Not long after losing Preslee, our family took on the mantra- I Can Do Hard Things. Over the past five years, we’ve repeated the phrase time and time again. The neat thing is, after reading many different e-mails, so have many of you.


Losing Preslee changed our lives in so many different ways, but so has this blog. We’ve been uplifted time and time again. From the sweet and encouraging comments that were left during Preslee’s hospital stay, to the love and support we were shown during the funeral we will be forever grateful to those who reached out to our family.

comment collage

Over the past few years, I’ve learned from so many of you that God hears our prayers and His answers usually come from ordinary people who choose to listen to His promptings. There have been many times I’ve thanked my Heavenly Father that we don’t live in a world where we have to experience trials by ourselves.

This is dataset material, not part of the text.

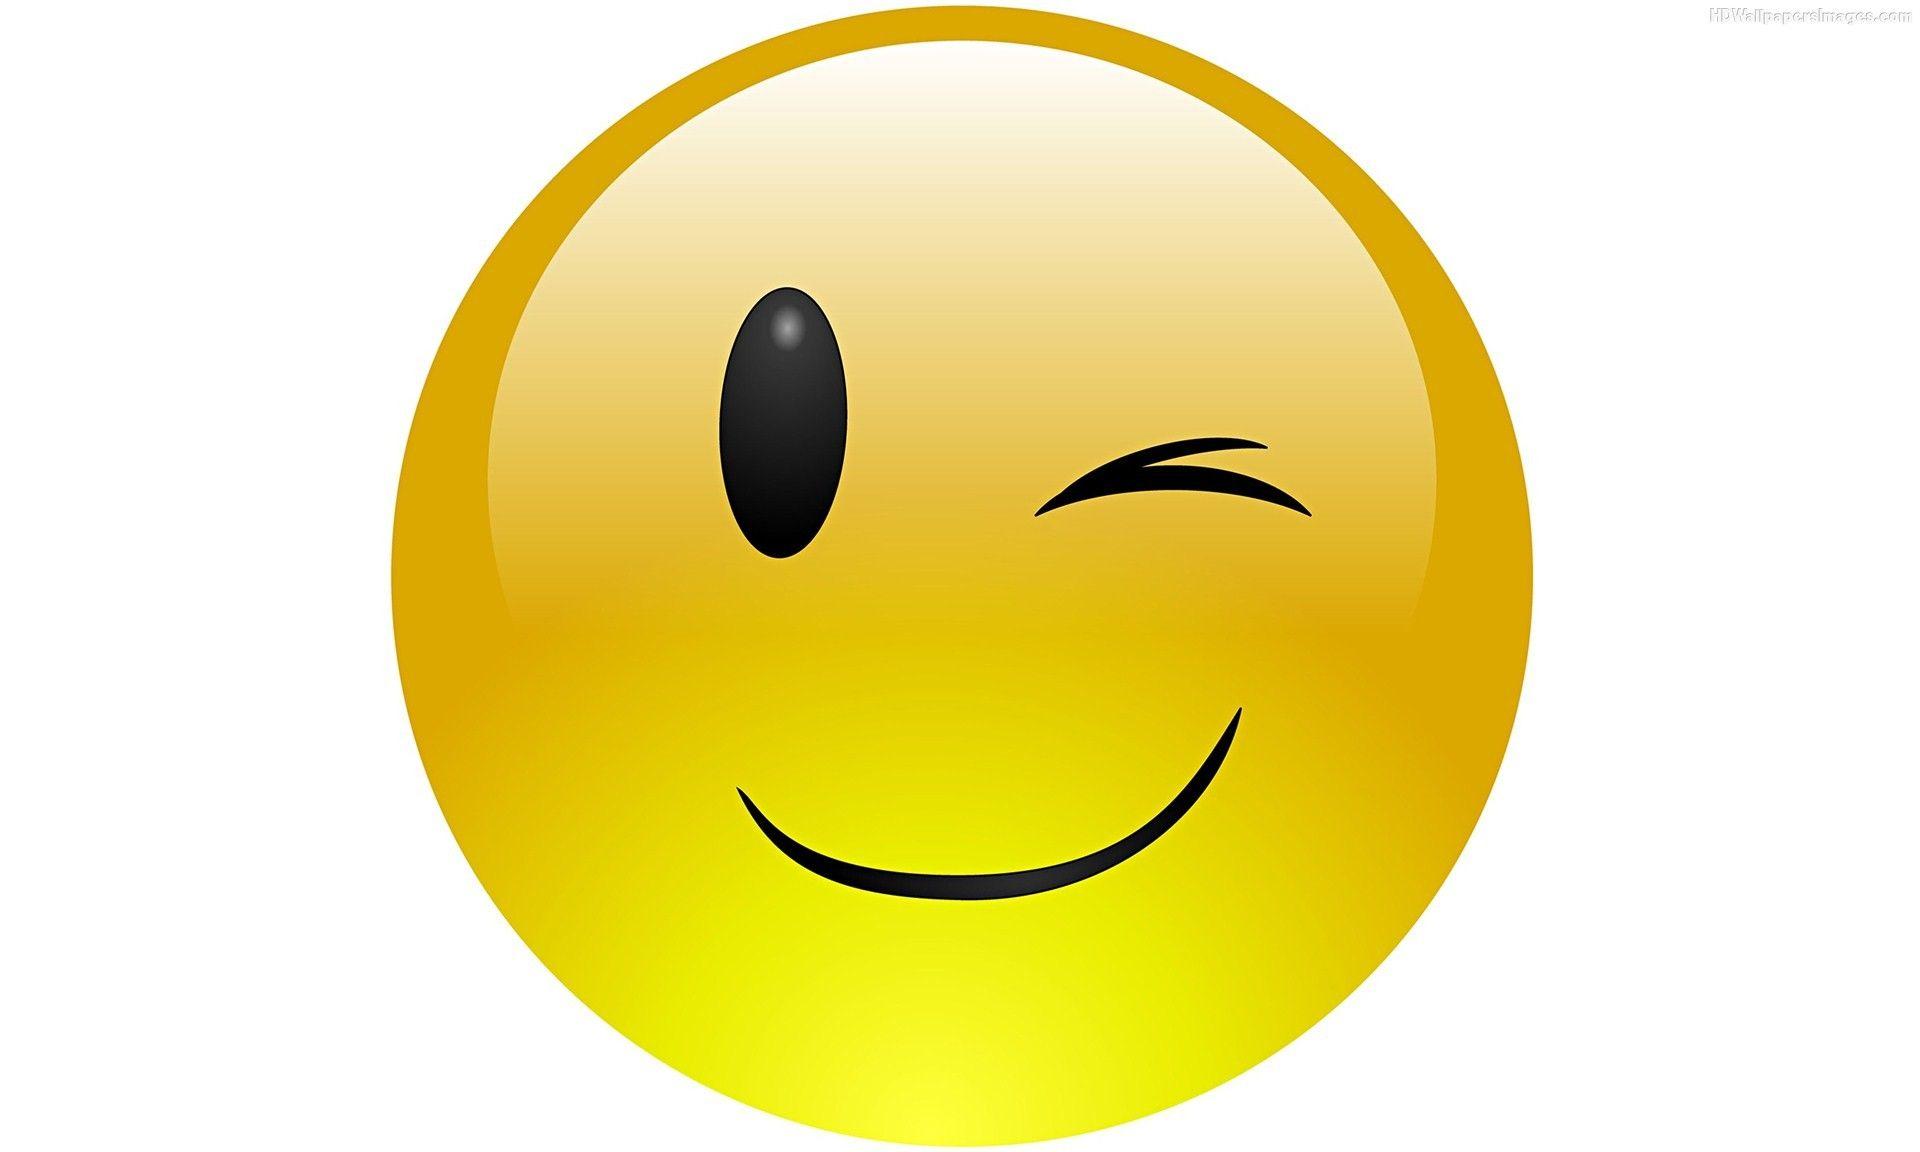 Emoji-Face-Wink-Yellow-Images - Bite Edge | Headshot Logo ...
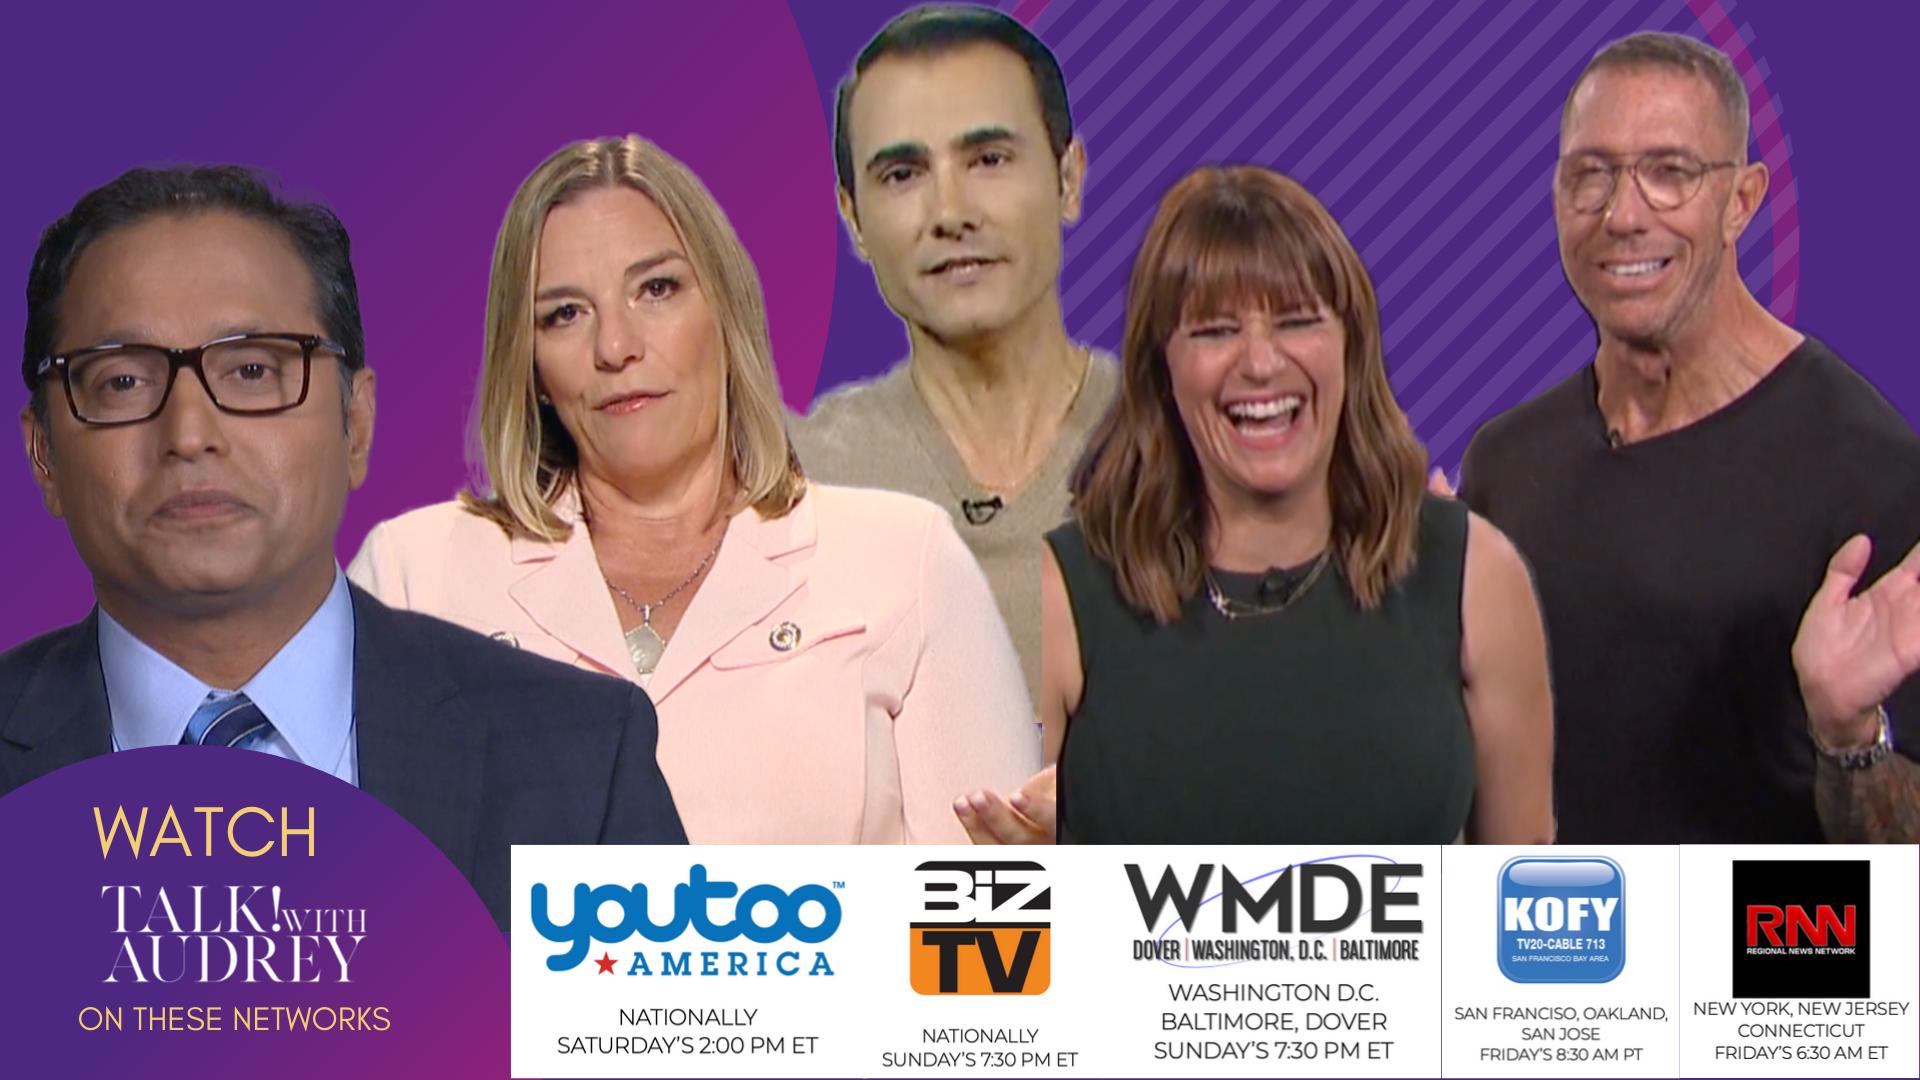 September 20-22, 2019 – TALK! with AUDREY TV

Now, five years after losing our daughter, I continue to receive a surprising amount of e-mails asking for ideas on how to help others struggling with different trials. I’ve learned most people want to help, they just don’t know the best way to go about it. Not long ago, an idea came, and it hit hard. I suddenly had different images of the blog swarming around in my head, and I haven’t been able to shake them. With a lot of prayer, and direct guidance from above, I’m excited to introduce a new segment on my blog, one that makes my heart incredibly happy.

step up to serve

If you scroll up to the top of the page, and look just below the header, you’ll notice a new tab – How to Help. If you click on it, you’ll find a new page titled, We Can Do Hard Things. On that page is an index filled with different trials, such as - Death, Addiction, Infertility, Illness, and many more. If you click on “Death-Child,” you’ll be able to see posts already listed. The purpose of the index is to share ideas on how to help others going through these trials, along with printables, and resources to help make serving easy. I’m hoping these posts will help readers learn what is most helpful to do and say to those who find themselves in the midst of a difficult trial.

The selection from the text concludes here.